October 30, 2009

With harvest done, elevage begins

This evening saw the final wine go into barrel, the last fermenter cleaned, everything tidied up and put to bed for the season. For the Vincent project anyhow. There's lots more going on at the winery. I'm just glad to say my wine is safely in barrel and now elevage can begin.

Yes, elevage, the name of this blog, the education of the wine. It's the time between primary fermentation at harvest and bottling a year or more later, when the wine undergoes its malolactic fermentation and essentially "cures" into finished wine, much like aging meat or cheese.

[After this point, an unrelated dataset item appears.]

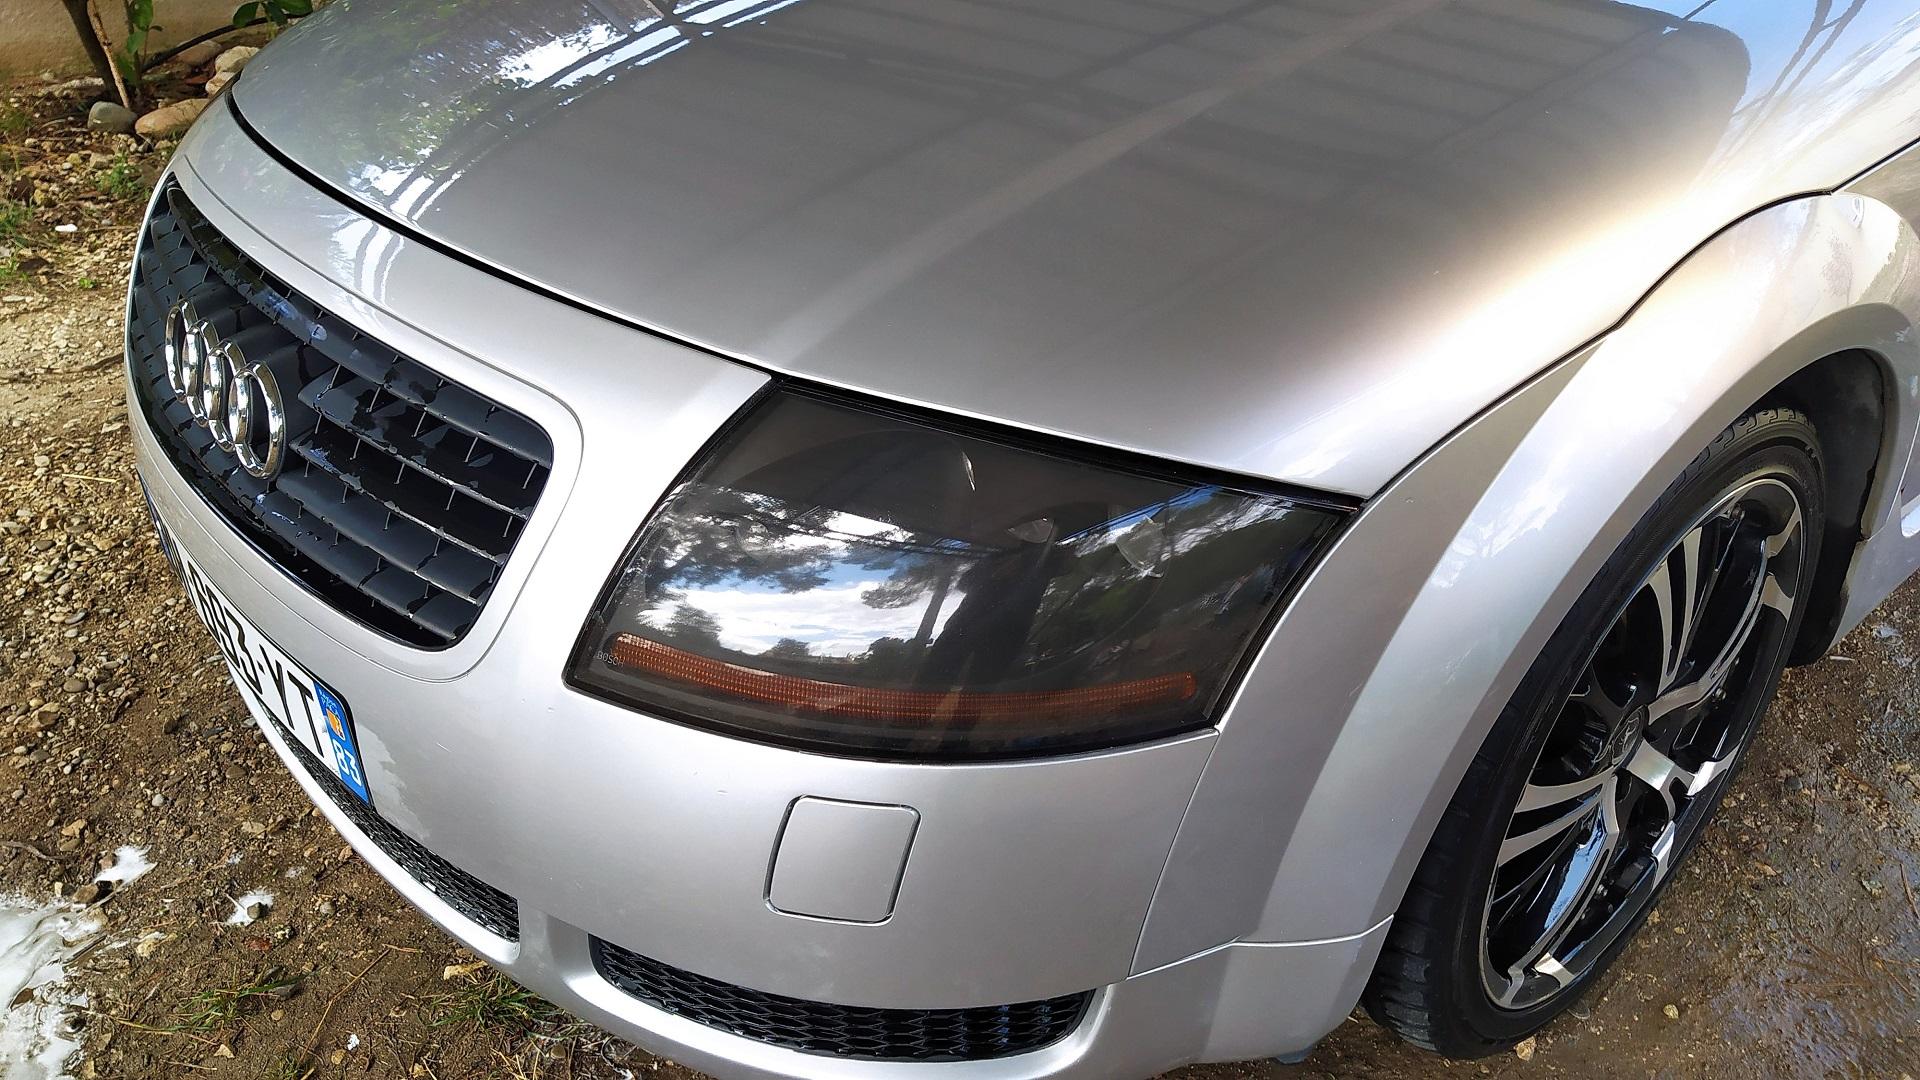 Présentation et premier vrai nettoyage du Roadster de Madame Img_20201004_131914-57c25c7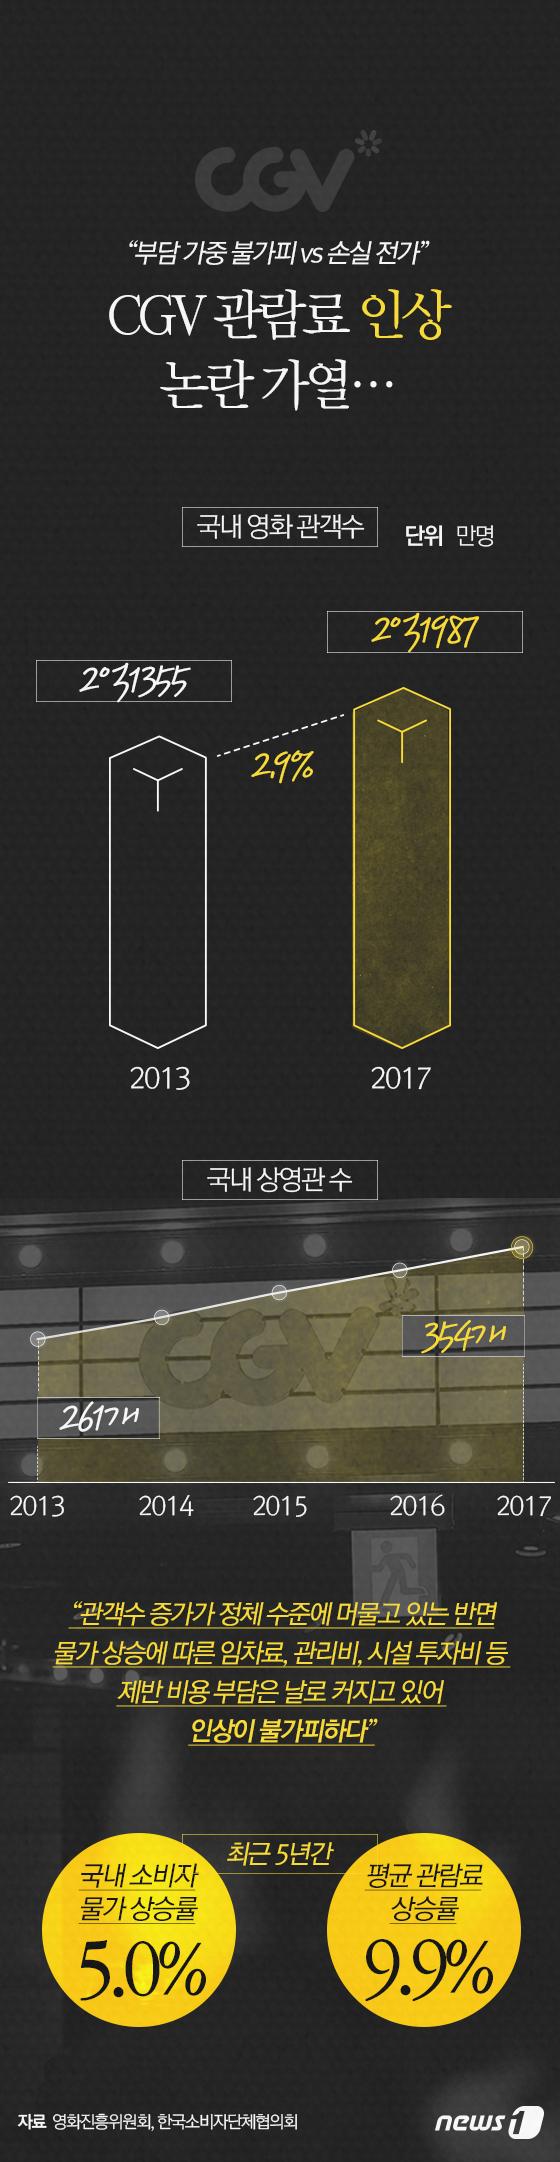 [그래픽뉴스] CGV 관람료 인상 논란 가열…

A common question is, "when is the wine ready to bottle?" The simple answer is when it tastes right, and perhaps when you need the space and the barrels for more wine next year. Determining when a wine is ready to bottle is a personal decision, a matter of taste and style you are looking to present. I figure most of this wine will be bottled just before next year's harvest, in part for space issues and to have wine ready for people to drink. But mostly, because I think the wines of 2009 will not make for old bones in the cellar, so they'll likely reward an earlier bottling. We see how they taste as we go, but a year from now I expect to have some delicious wine in the bottle just about ready for market.

To celebrate, I enjoyed a lager from Hopworks Urban Brewery here in Portland, courtesey of their keg bike that showed up across the street for a party celebrating the handmade bike show this weekend. Two kegs on a long, gorgeous, delicious bike. What will Portlanders think of next?